CV
My background
I studied maths and physics, completing my PhD in 2015. Since then I have been solving data science problems in business, government and academia, with a recent focus on clinical data science.
My current projects involve application of machine learning and statistical techniques to improve cancer outcomes, using linked primary care data. This is a complex area in terms of the data and domain knowledge required, and also often involves working with many different stakeholders.
My technical skill set ranges from data cleaning and analysis (Pandas, Polars, DuckDB, Arrow), to machine learning model development (Pytorch, Keras), data visualisation (Seaborn, ggplot), deployment (Azure) and, recently, fine-tuning LLMs for facilitating data science workflows.

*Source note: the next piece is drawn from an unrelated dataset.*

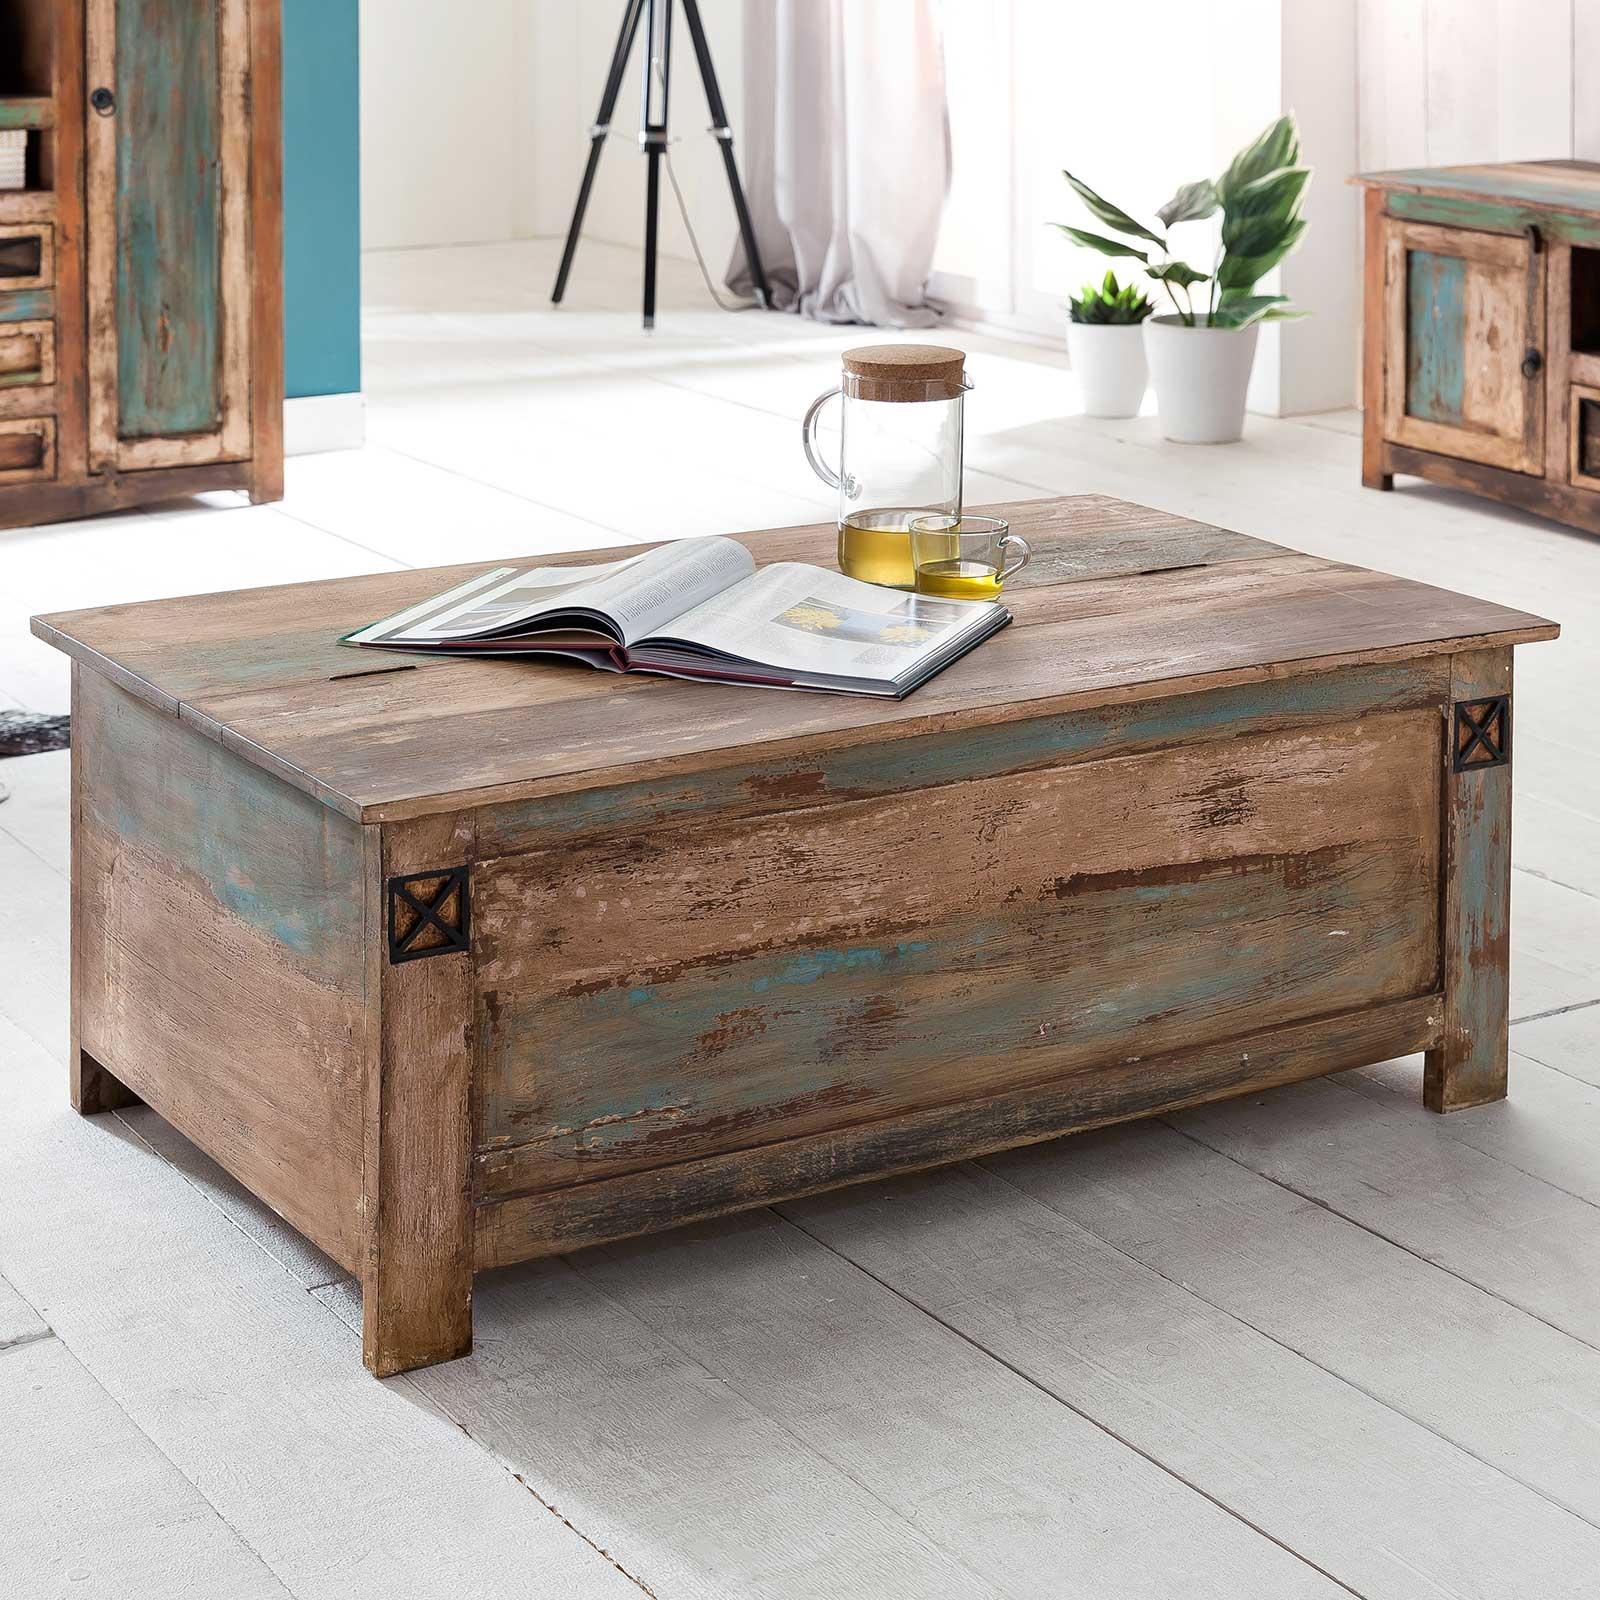 couchtisch largo 115 x 67 cm aus massivholz im vintage look. Black Bedroom Furniture Sets. Home Design Ideas

A large part of my current role and previous role involves communicating across domains, for example working with clinicians to refine ideas so that they can be translated into data science problems. This is challenging but also rewarding and a good source of ideas for applications, tools and open problems.
Recent achievements
- Developed and implemented an algorithm for cancer risk prediction in primary care patients with non-specific symptoms, assisting clinicians to better identify high risk patients.

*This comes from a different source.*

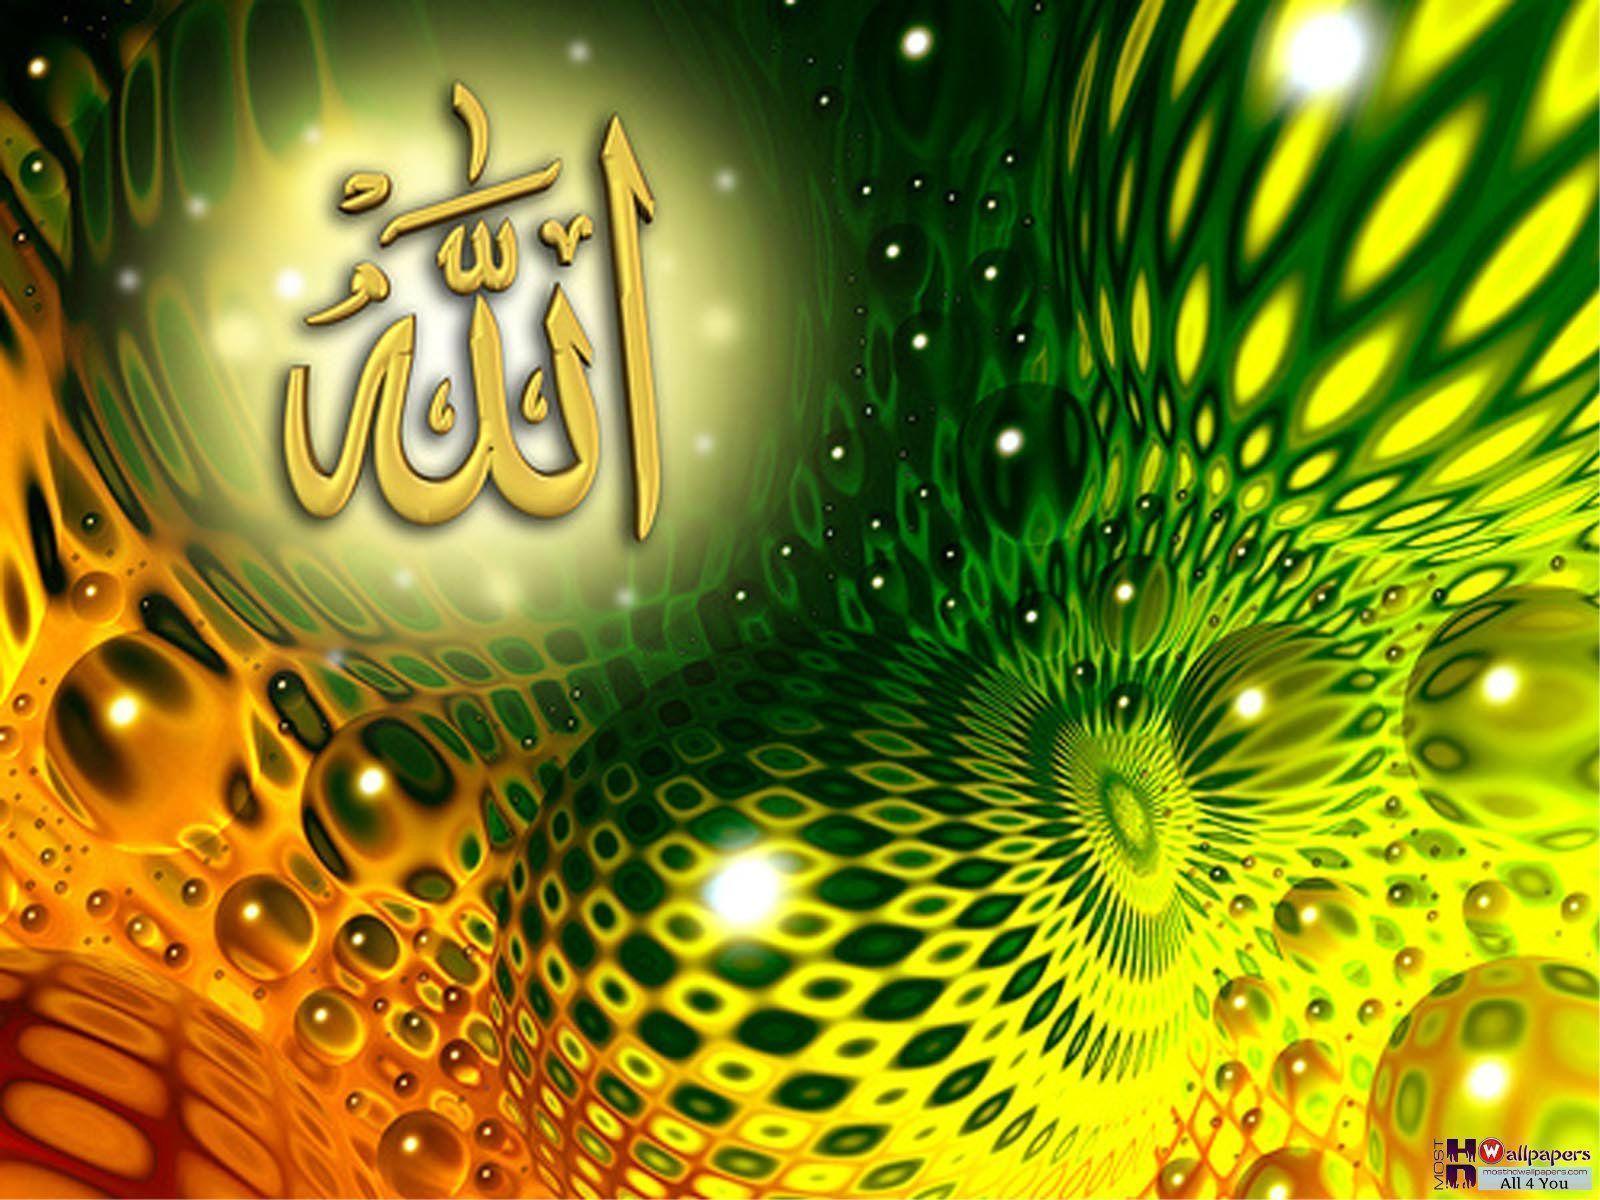 Beautiful ALLAH Wallpapers | Most HD Wallpapers Pictures Desktop ...

- Helped to develop the first Australian primary care data linkage platform, enabling research across the entire patient continuum of care.
- Delivered a consultancy project with the Victorian Department of Health to ensure that disease surveillance algorithms are rigorously analysed for bias and fairness, in order to mitigate potential harms against particular cohorts of patients.
- Worked with a broad range of stakeholders including clinicians, statisticians, and health professionals to develop data science capability.
Some previous achievements
- Led the development of a COVID-19 geolocation tool for identifying cases at high-risk locations, enabling research, reporting and analysis throughout the pandemic.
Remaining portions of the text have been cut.